# intern-lang — API Reference
> Complete reference for every public item in `intern-lang`, with examples.
> **Status: stable (1.0).** This surface is frozen under [Semantic Versioning](https://semver.org/) until 2.0 — no breaking change without a major bump. See [Stability](#stability).
## Table of Contents
- [Overview](#overview)
- [Installation](#installation)
- [Quick start](#quick-start)
- [`Symbol`](#symbol)
- [`Interner`](#interner)
- [`Interner::new`](#internernew)
- [`Interner::with_capacity`](#internerwith_capacity)
- [`Interner::intern`](#internerintern)
- [`Interner::try_intern`](#internertry_intern)
- [`Interner::get`](#internerget)
- [`Interner::resolve`](#internerresolve)
- [`Interner::resolve_with`](#internerresolve_with)
- [`Interner::len` / `Interner::is_empty`](#internerlen--interneris_empty)
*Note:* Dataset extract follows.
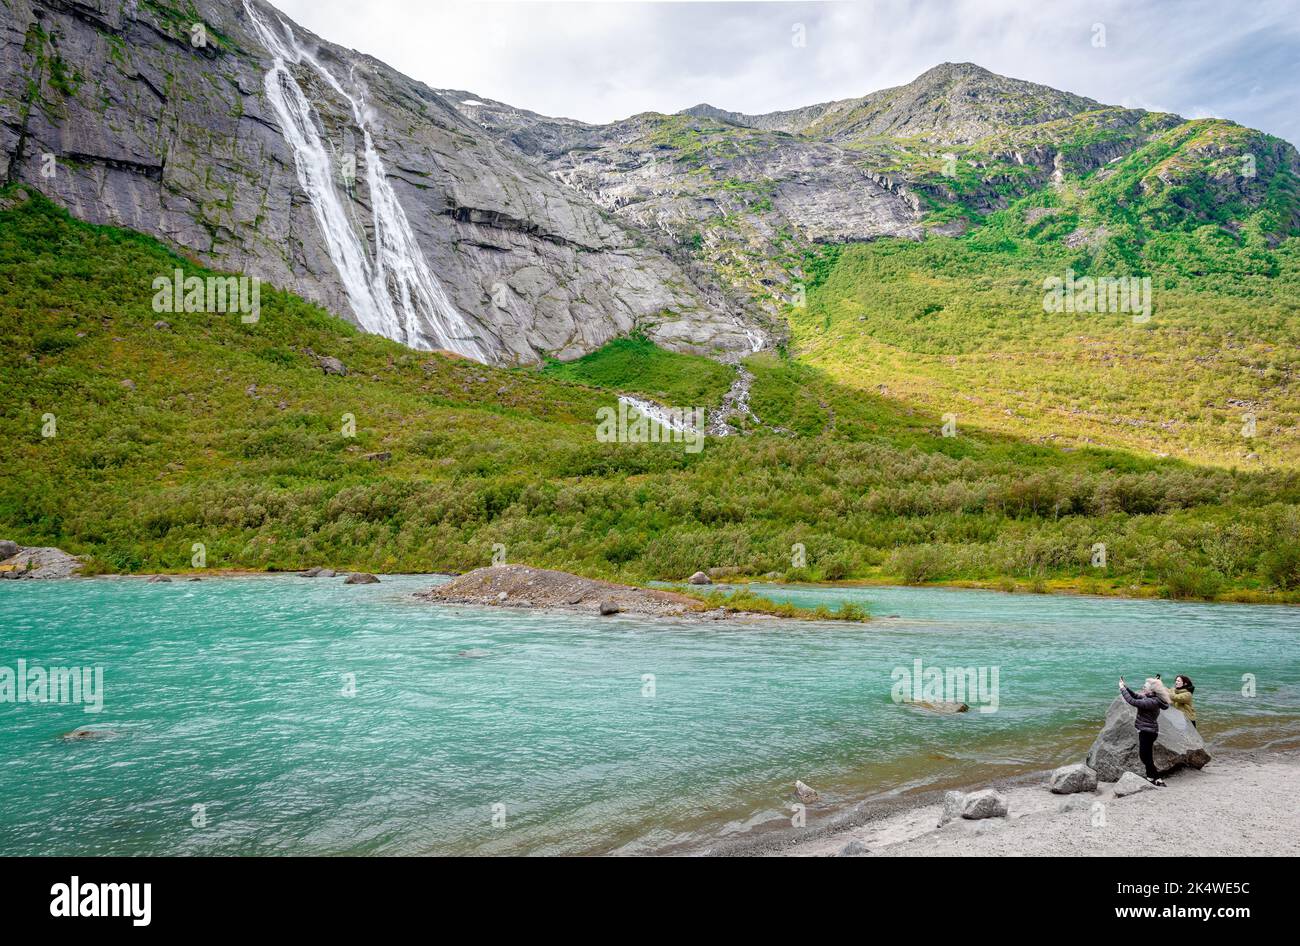 Briksdalen, Norway - August 22 2022: Women take photos of the magnificent Briksdalen valley, in Jostedalsbreen National Park, Norway. Scenic Norwegian Stock Photo

- [`ConcurrentInterner`](#concurrentinterner)
- [`Lookup`](#lookup)
- [`InternError`](#internerror)
- [Feature flags](#feature-flags)
- [Guarantees](#guarantees)
- [Stability](#stability)
---
## Overview
`intern-lang` maps each distinct string to a small, copyable [`Symbol`](#symbol),
storing the bytes once in a contiguous buffer and handing back an integer handle.
A compiler front-end interns every identifier once, then compares and passes
symbols instead of strings — a name comparison becomes an integer comparison, and
a name in an AST node costs four bytes instead of an owned `String`.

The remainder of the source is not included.